• Data:
----

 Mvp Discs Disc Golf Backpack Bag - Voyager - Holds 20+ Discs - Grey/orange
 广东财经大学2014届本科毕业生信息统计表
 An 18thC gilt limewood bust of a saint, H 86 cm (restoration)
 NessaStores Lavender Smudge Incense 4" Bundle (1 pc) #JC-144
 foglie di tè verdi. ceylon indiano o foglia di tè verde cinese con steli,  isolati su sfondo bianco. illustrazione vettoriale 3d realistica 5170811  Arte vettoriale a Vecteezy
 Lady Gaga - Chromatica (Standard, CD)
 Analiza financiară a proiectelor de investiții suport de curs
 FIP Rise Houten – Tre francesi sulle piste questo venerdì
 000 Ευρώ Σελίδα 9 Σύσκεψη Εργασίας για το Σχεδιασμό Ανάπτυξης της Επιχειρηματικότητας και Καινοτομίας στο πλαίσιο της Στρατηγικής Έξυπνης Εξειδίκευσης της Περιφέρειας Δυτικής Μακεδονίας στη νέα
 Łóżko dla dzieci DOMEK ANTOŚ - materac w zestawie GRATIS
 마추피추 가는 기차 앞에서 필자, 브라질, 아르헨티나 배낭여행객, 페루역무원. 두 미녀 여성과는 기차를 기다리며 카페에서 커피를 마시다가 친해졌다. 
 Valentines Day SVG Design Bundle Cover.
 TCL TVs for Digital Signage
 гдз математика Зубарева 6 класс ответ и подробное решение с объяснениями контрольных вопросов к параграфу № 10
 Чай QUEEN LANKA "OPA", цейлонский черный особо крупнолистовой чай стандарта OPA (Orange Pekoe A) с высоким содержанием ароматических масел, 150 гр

----

Every entry above must appear again in the reply, exactly as it stands.

• Answer below:
 Mvp Discs Disc Golf Backpack Bag - Voyager - Holds 20+ Discs - Grey/orange
 广东财经大学2014届本科毕业生信息统计表
 An 18thC gilt limewood bust of a saint, H 86 cm (restoration)
 NessaStores Lavender Smudge Incense 4" Bundle (1 pc) #JC-144
 foglie di tè verdi. ceylon indiano o foglia di tè verde cinese con steli,  isolati su sfondo bianco. illustrazione vettoriale 3d realistica 5170811  Arte vettoriale a Vecteezy
 Lady Gaga - Chromatica (Standard, CD)
 Analiza financiară a proiectelor de investiții suport de curs
 FIP Rise Houten – Tre francesi sulle piste questo venerdì
 000 Ευρώ Σελίδα 9 Σύσκεψη Εργασίας για το Σχεδιασμό Ανάπτυξης της Επιχειρηματικότητας και Καινοτομίας στο πλαίσιο της Στρατηγικής Έξυπνης Εξειδίκευσης της Περιφέρειας Δυτικής Μακεδονίας στη νέα
 Łóżko dla dzieci DOMEK ANTOŚ - materac w zestawie GRATIS
 마추피추 가는 기차 앞에서 필자, 브라질, 아르헨티나 배낭여행객, 페루역무원. 두 미녀 여성과는 기차를 기다리며 카페에서 커피를 마시다가 친해졌다. 
 Valentines Day SVG Design Bundle Cover.
 TCL TVs for Digital Signage
 гдз математика Зубарева 6 класс ответ и подробное решение с объяснениями контрольных вопросов к параграфу № 10
 Чай QUEEN LANKA "OPA", цейлонский черный особо крупнолистовой чай стандарта OPA (Orange Pekoe A) с высоким содержанием ароматических масел, 150 гр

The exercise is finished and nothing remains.